Cosa troverai in questo articolo:
Jemo! Quattro giorni alla scoperta delle Marche in bicicletta.
Perché la ruota non si ferma
L’invito di Marche Bike Life – un’organizzazione che promuove la scoperta delle Marche in tutto il suo splendore naturale, artistico e eno-gastronomico attraverso la bicicletta – diceva:
Vuoi scoprire la bellezza delle Marche in bicicletta? Dal 22 al 25 aprile, “Jemo! La ruota non si ferma” organizza il primo Educational Tour dedicato a giornalisti, tour operator, aziende del mondo del ciclismo e professionisti del settore.
In effetti, la bici è perfetta per visitare, scoprire, guardarsi attorno.
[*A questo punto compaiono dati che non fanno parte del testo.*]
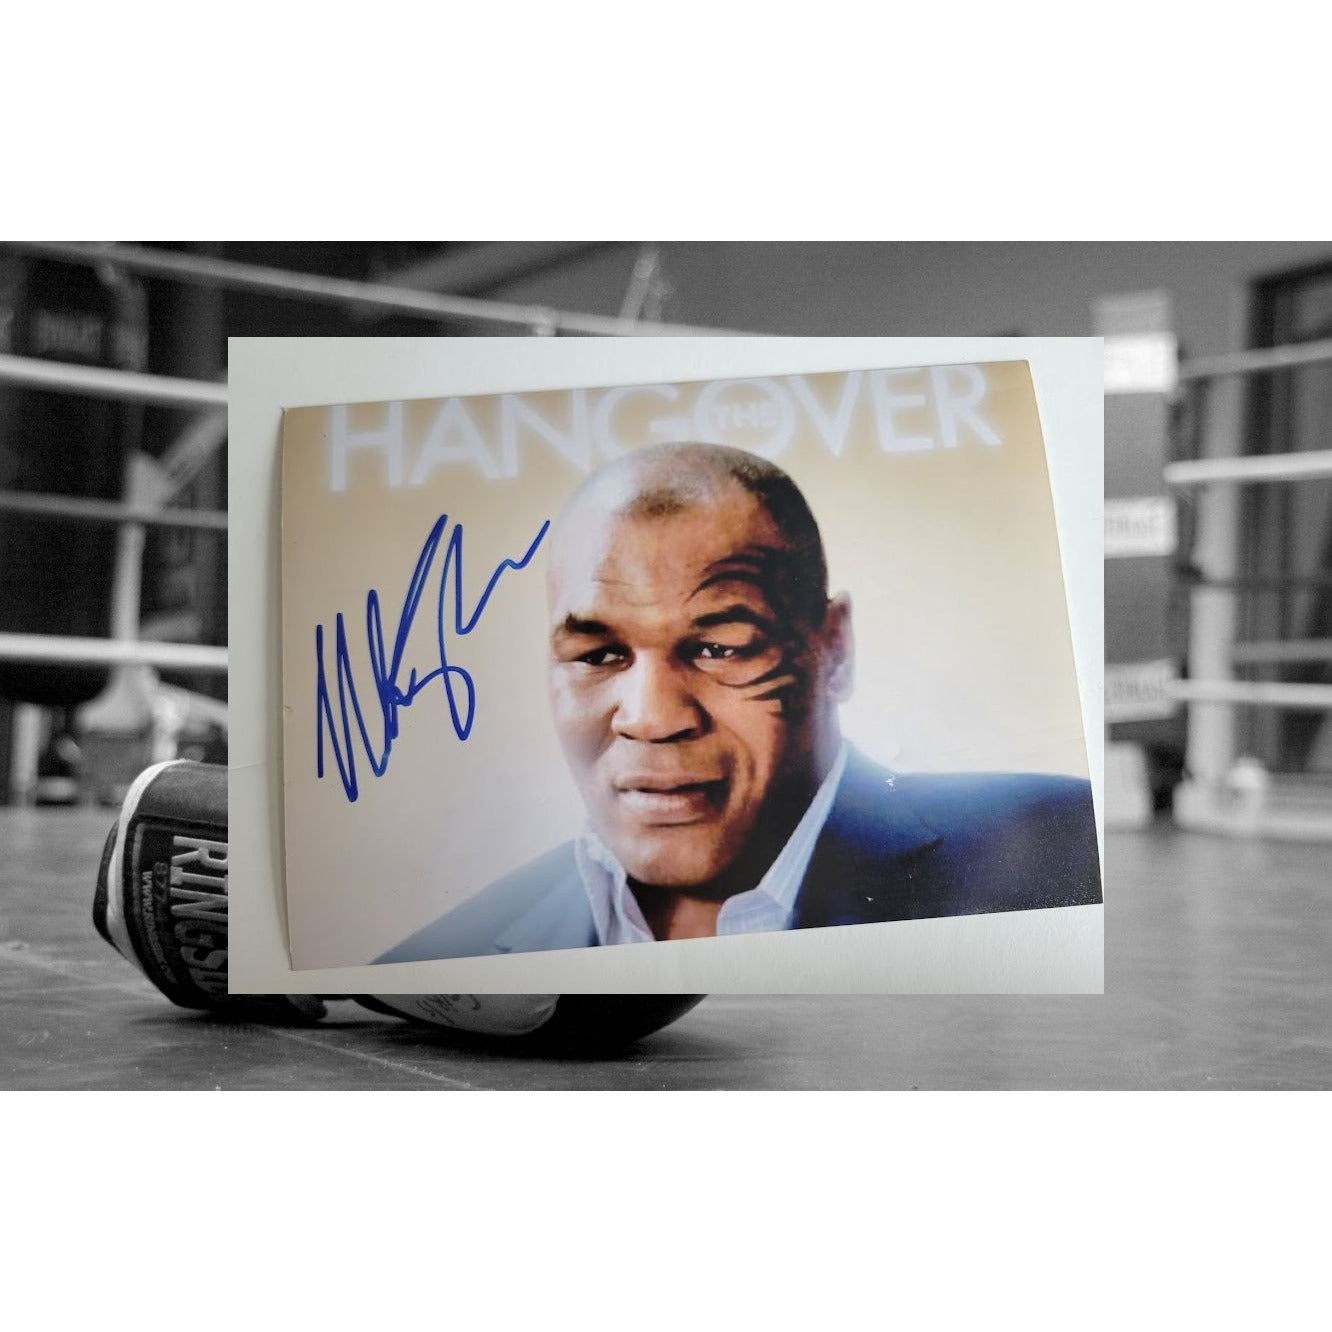 Mike Tyson 5 x 7 photograph signed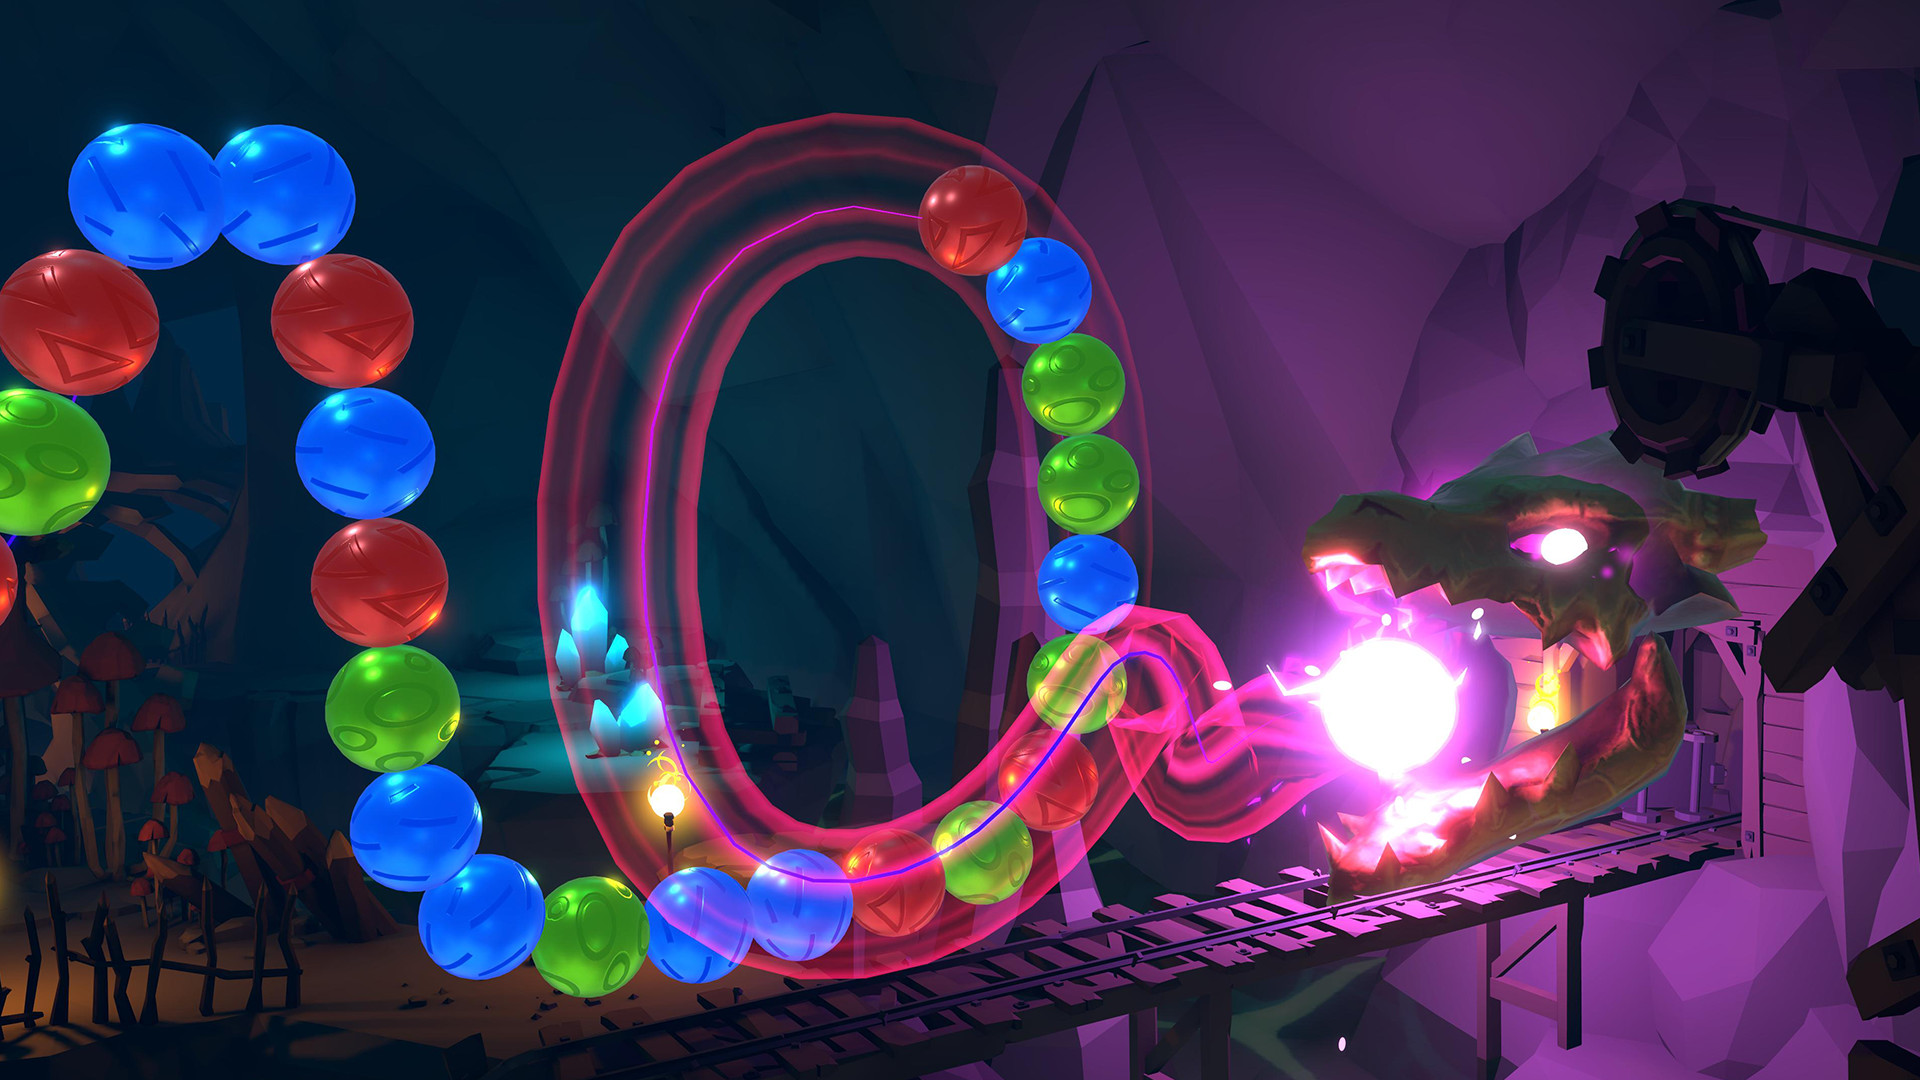 Zooma - Chapter 2 DLC - "Cave" Featured Screenshot #1

Il punto di vista ideale, il giusto mezzo, il passo che ci vuole, non troppo veloce, come quello di auto e moto, che passano e vanno, senza guardarsi attorno, né troppo lento, come sarebbe a piedi, che vedi poco e ci metti troppo.
E allora, che facciamo, andiamo, anzi Jemo!
Jemo! è stato un viaggio meraviglioso alla scoperta delle Marche più belle, della gente più vera e di una regione che ce la sta mettendo tutta per rialzarsi, ricostruirsi, reinventarsi. E non è stato solo educational questo tour, è stato anche molto, molto emotional!
Abbiamo visitato paesini medievali arroccati su cucuzzoli come nelle fiabe, conosciuto realtà locali d’eccellenza, assaggiato, degustato e ammirato arte, storia, cultura; abbiamo percorso su e giù, su colli che paiono dolci solo se non li devi superare a pedali.
Siamo andati dal mare alle montagne passando da un’abbazia a un monastero; abbiamo preso il sole caldo e il fresco della sera sotto le stelle, lasciando correre lo sguardo su un paesaggio lussureggiante che inizia con colline verdissime e finisce su monti innevati come le dolomiti a dicembre.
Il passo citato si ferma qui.